Now later on you decided to delete and re-create the HSA queue by doing this

  source                   = "./modules/queues"
  classifier_queue_names   = []
  classifier_queue_members = module.classifier_users.user_ids
}

module "classifier_queues2" {
  source                   = "./modules/queues"
  classifier_queue_names   = ["HSA"]
  classifier_queue_members = module.classifier_users.user_ids
}

You are now creating a race condition because Terraform has two different module declarations with no dependency mechanism. When Terraform executes it builds its dependency graph and then hands over all items without dependencies to a pool of go routines because there is no established graph.

I suspect this is the case because I see two different objects with the same name being created and deleted in the plan. I looked through the Schema definitions and we don't create and re-create skillgroups via destroy and recreate on any of the attributes in the schema definition.

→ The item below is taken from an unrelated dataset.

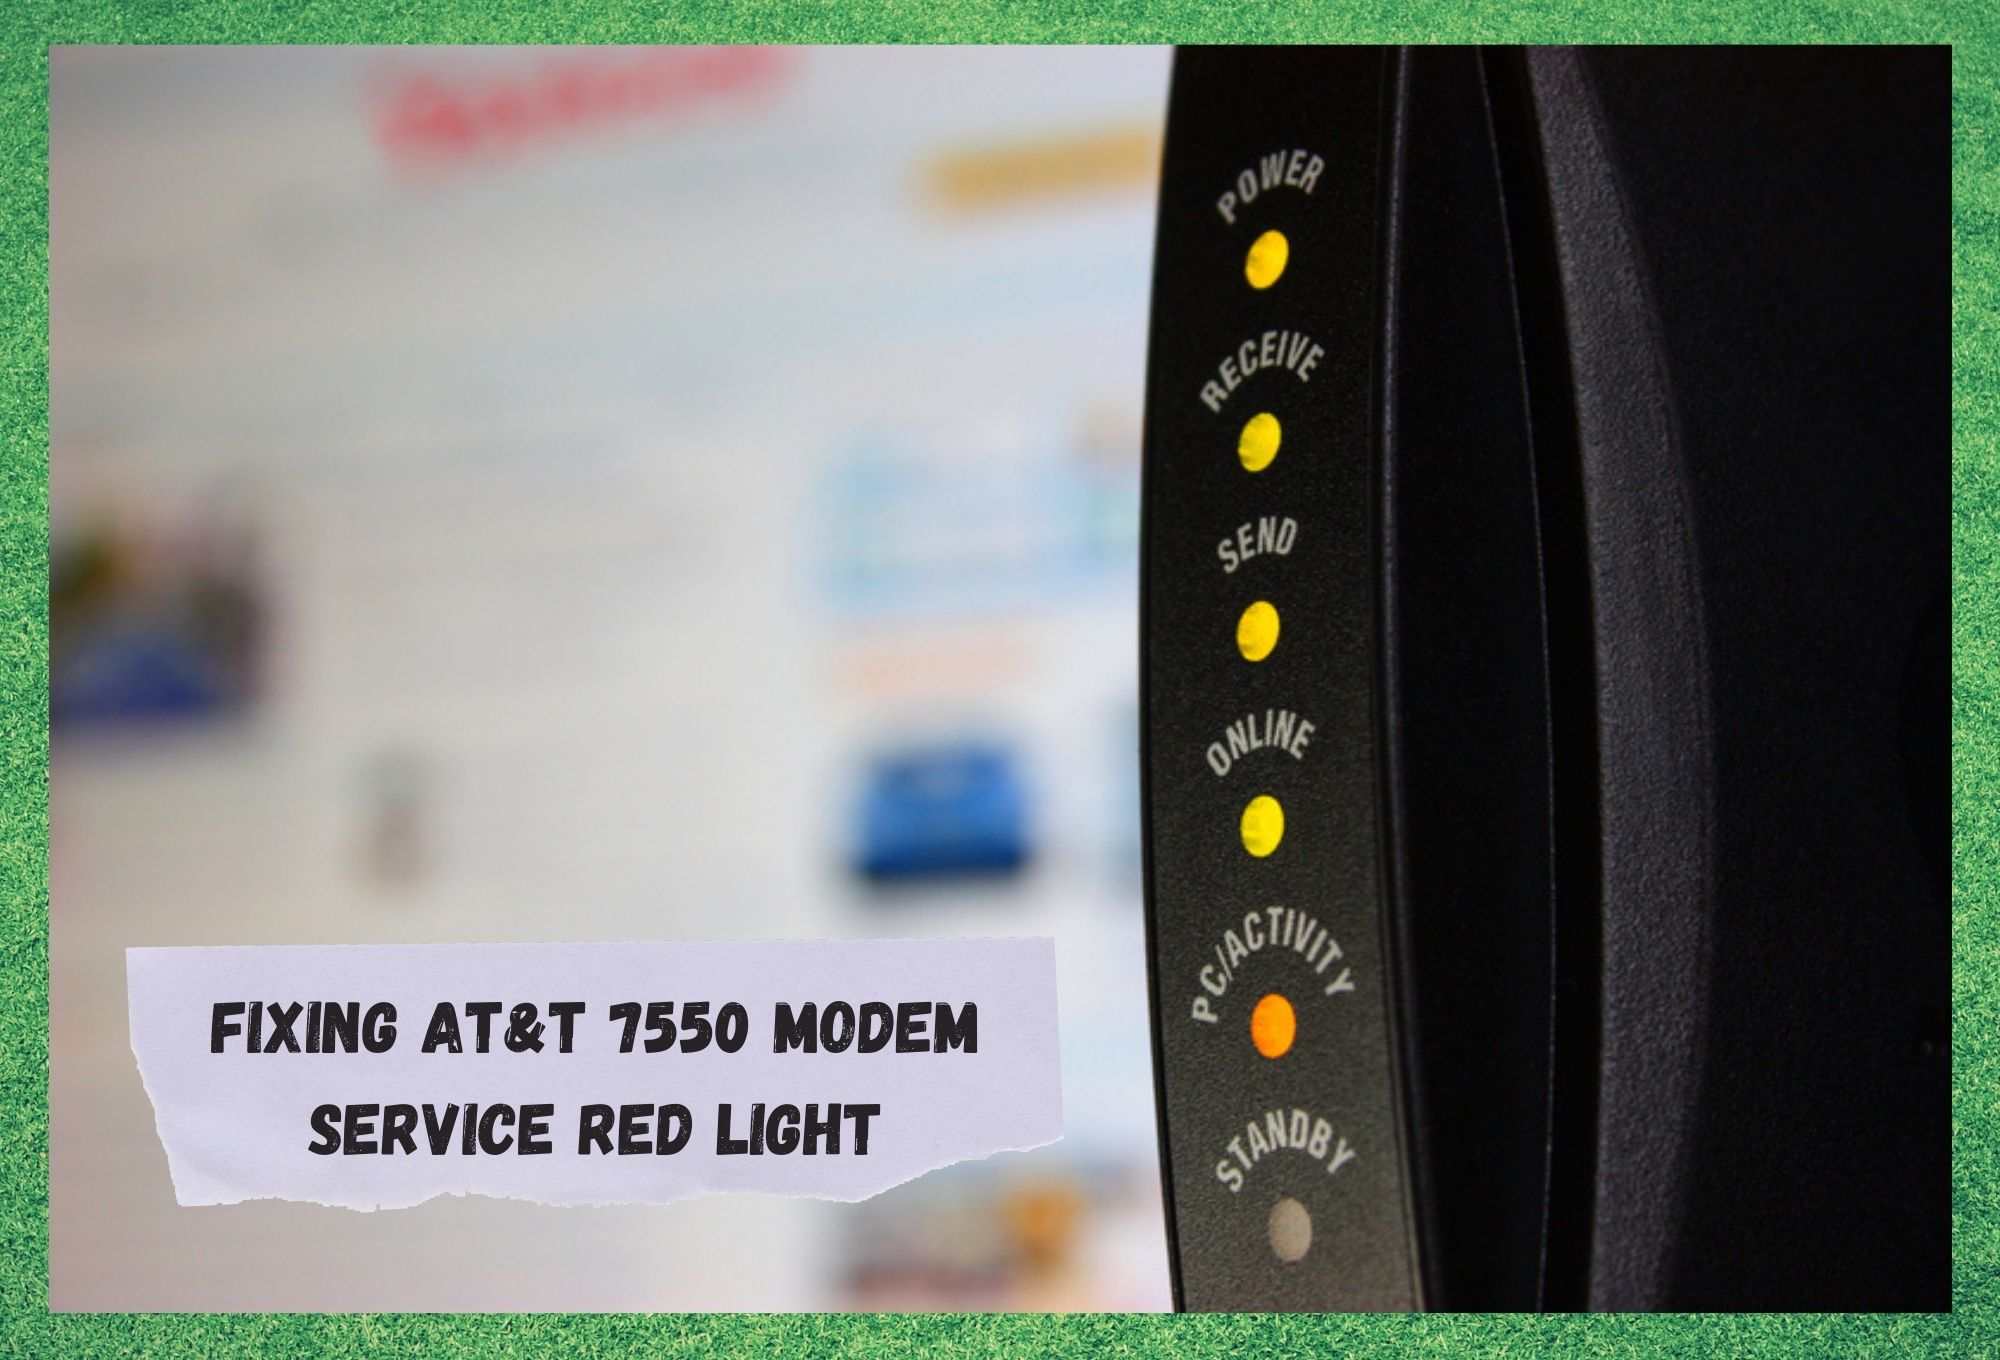 att 7550 modem service light red

This is not a problem in the CX as Code resource. From what I can see in the log messages you are spinning up two different "resources" (e.g. modules) that are trying to manage the same group of projects Terraform happily executes them because there is no dependency between the modules.

Modules using a for..loop are a great way of enforcing consistency when you are creating objects, updating, or deleting objects en masse. However, it sounds like you needed to change the skill expression group that was going to be different than all of the other ones and since it was in a module you had no way of easily updating it. In that case, you would need to manually remove the object from the terraform state via a terraform rm command and then import it as a separate resource into your project using a terraform import command and then make your changes.

Thanks,
John Carnell
Director, Developer Engagement

John
You are right in observing that while changing the Skill Group definition, we are effectively creating it as a different resource.
Our skill groups are categorized into different arrays that get passed to a dedicated resource that uses a for...each loop to create and update the skill groups.
In this case, the definition of a few queues changed, such that the skillgroups were removed from 1 array and added into another.

My ask in this scenario was, is it possible for terraform to be setup such that it first deletes objects if there are any to be deleted and then do the creation.

Looking at your detailed analysis, it seems that may not be possible. If so, only alternative is that we recognize whenever such a requirement is received and inform the business that a disruption should be expected in such scenarios.

Regards
Nishant Tank

This topic was automatically closed 30 days after the last reply. New replies are no longer allowed.